Thanks, lol. I always wanted to go to prom in a goth style. This was as close as I could come to it, lol. I really got lucky that I owned most of the stuff I wore before prom even came around. But I did everything myself. From my makeup to my outfit and my hair (dyed it myself) and it seemed to have gone over pretty well considering the theme was 007 lol.


----------



## thirtiesgirl (Sep 18, 2010)

Great pics everybody! Mikara, I love that acid wash vest and the hat. If you'd gone to my high school, you'd have been at the height of fashion. I love the prom dress pic, too. Another fashion win for the '87-'89 school years (class of '87 here, myself). Carla, you're just so damn cute and I love your photos. That prom(?) dress is great, and you definitely made the right choice to show off the boobins. Keep in mind, though, goth has been around a damn long time. Even before I was in high school in '84, Siouxsie, Sisters of Mercy, Fields of the Nephilim and others had been doing their thing since the late '70s. I was so goth in high school, I literally went to school wearing sackcloth and ashes once.
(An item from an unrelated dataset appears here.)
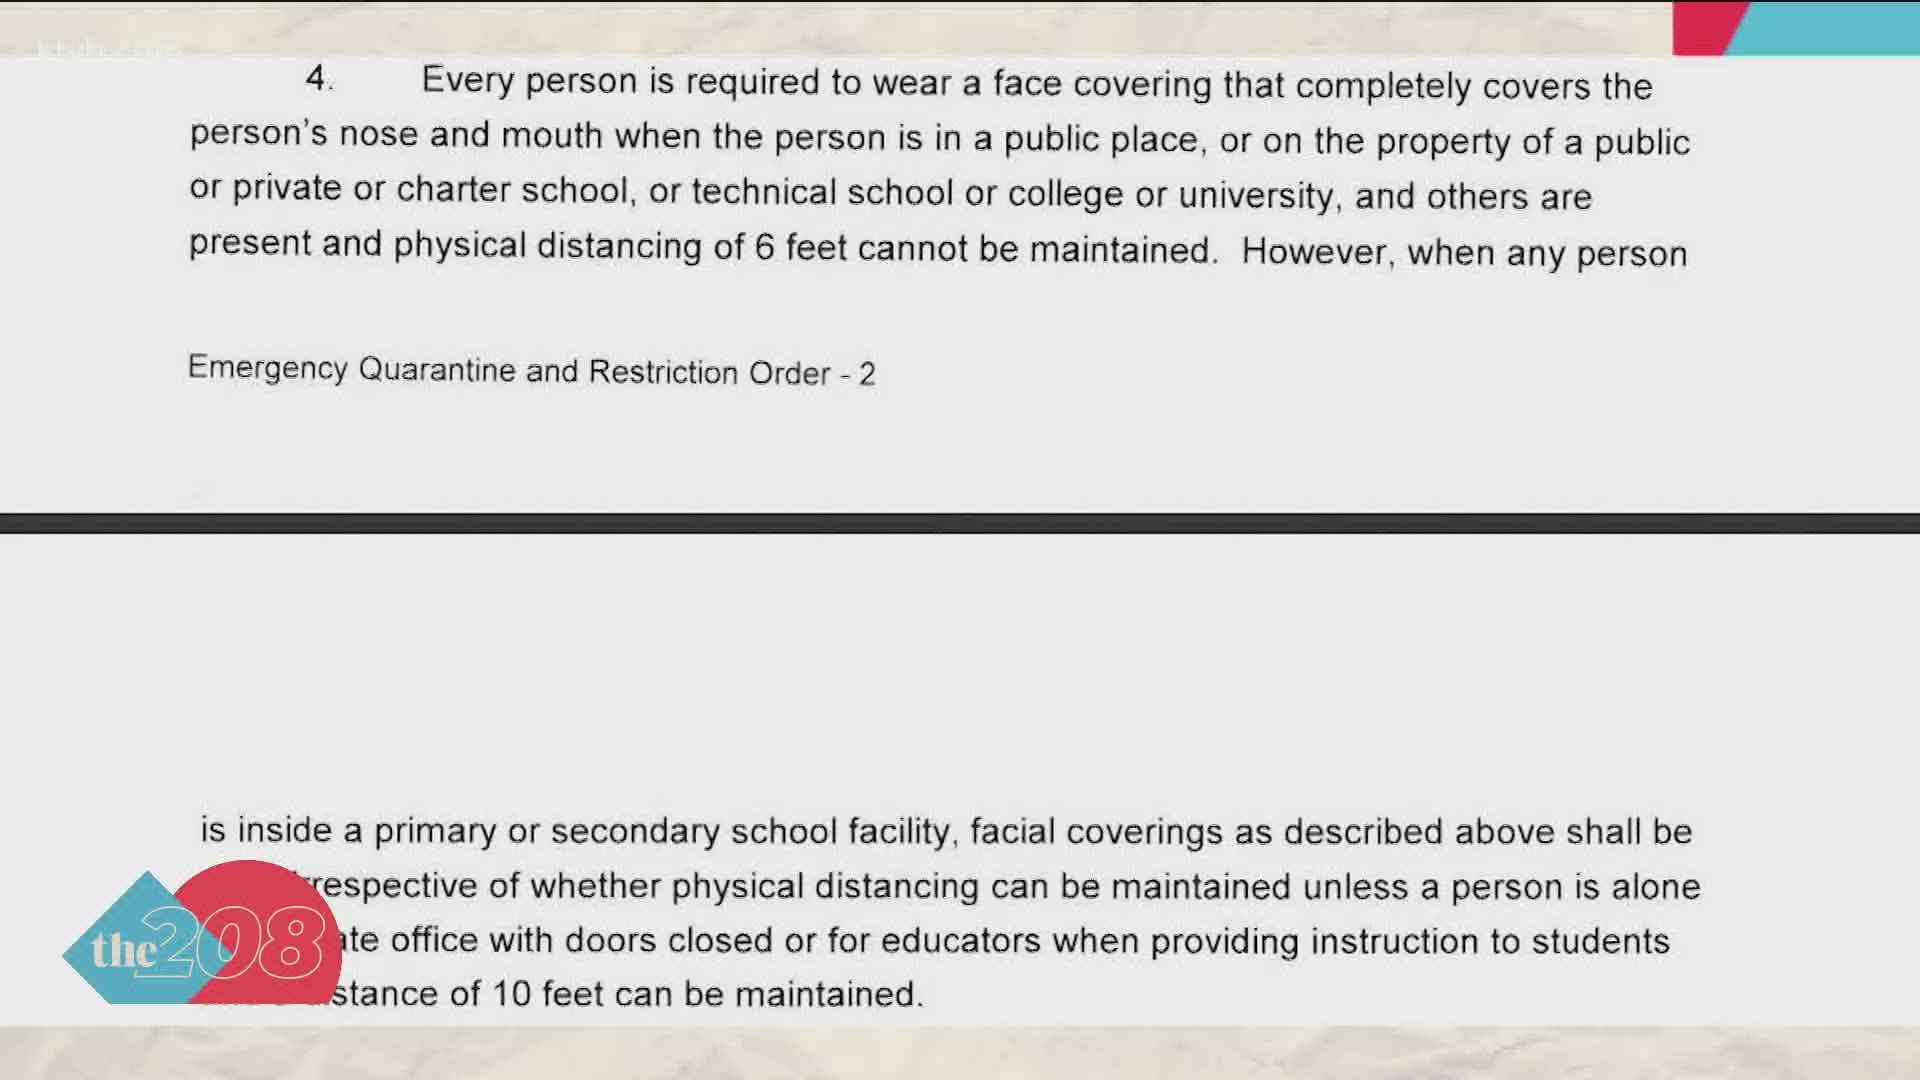 Both public and private schools in Boise are required to abide by Central District Health's order, which includes wearing a face mask.

No kidding. I dyed a burlap feed bag black (and got endless shit from my mom for using black dye in the washing machine), cut it up and turned it into a dress, and then 'weathered' it by smudging barbeque pit ashes all over it. I wore it to school the next day with my combat boots and fit right in with the other 'misfits' who hung out on the far side of the library at lunch, smoking clove cigarettes. I'm sure it stunk to high heaven with the pit ashes all over it, but nobody said anything, so I thought I was quite the goth fashion success.


----------



## CarlaSixx (Sep 18, 2010)

This thread made me bring out my high school yearbooks, lol. And dayum... I have some rather awful shots in there. I might just share them, lol. I'd have to figure out how I can do that, though, seeing as I don't have a scanner and the last time I tried that, the image turned out really really bad.

But some of them would really show how awkward I was in high school  lol.


----------



## LovelyLiz (Sep 18, 2010)

Rebecca - Great thread idea. Your pics are perfect!

Carla - I totally agree about that prom dress. You looked amazing! So creative!!! 

Micara - Your prom picture is awesomely cheesy. I mean, you look great - but it's an awesomely cheesy, ruffly dress.  Definitely a winner. 

Here's my own prom picture from high school...my date's identity concealed to protect the innocent. Gotta love the brocade! And black tights. lol. I had even less fashion sense then than I do now. And that's really saying something!


----------



## Dr. Feelgood (Sep 18, 2010)

mcbeth said:


> Here's my own prom picture from high school...my date's identity concealed to protect the innocent. Gotta love the brocade! And black tights. lol. I had even less fashion sense then than I do now. And that's really saying something!



OTOH, it proves that you're the kind of woman who looks good in whatever she wears...:smitten:


----------



## lozonloz (Sep 18, 2010)

Prom when I was 18. I'm the drunk girl on the right leaning heavily on the guy at the end. 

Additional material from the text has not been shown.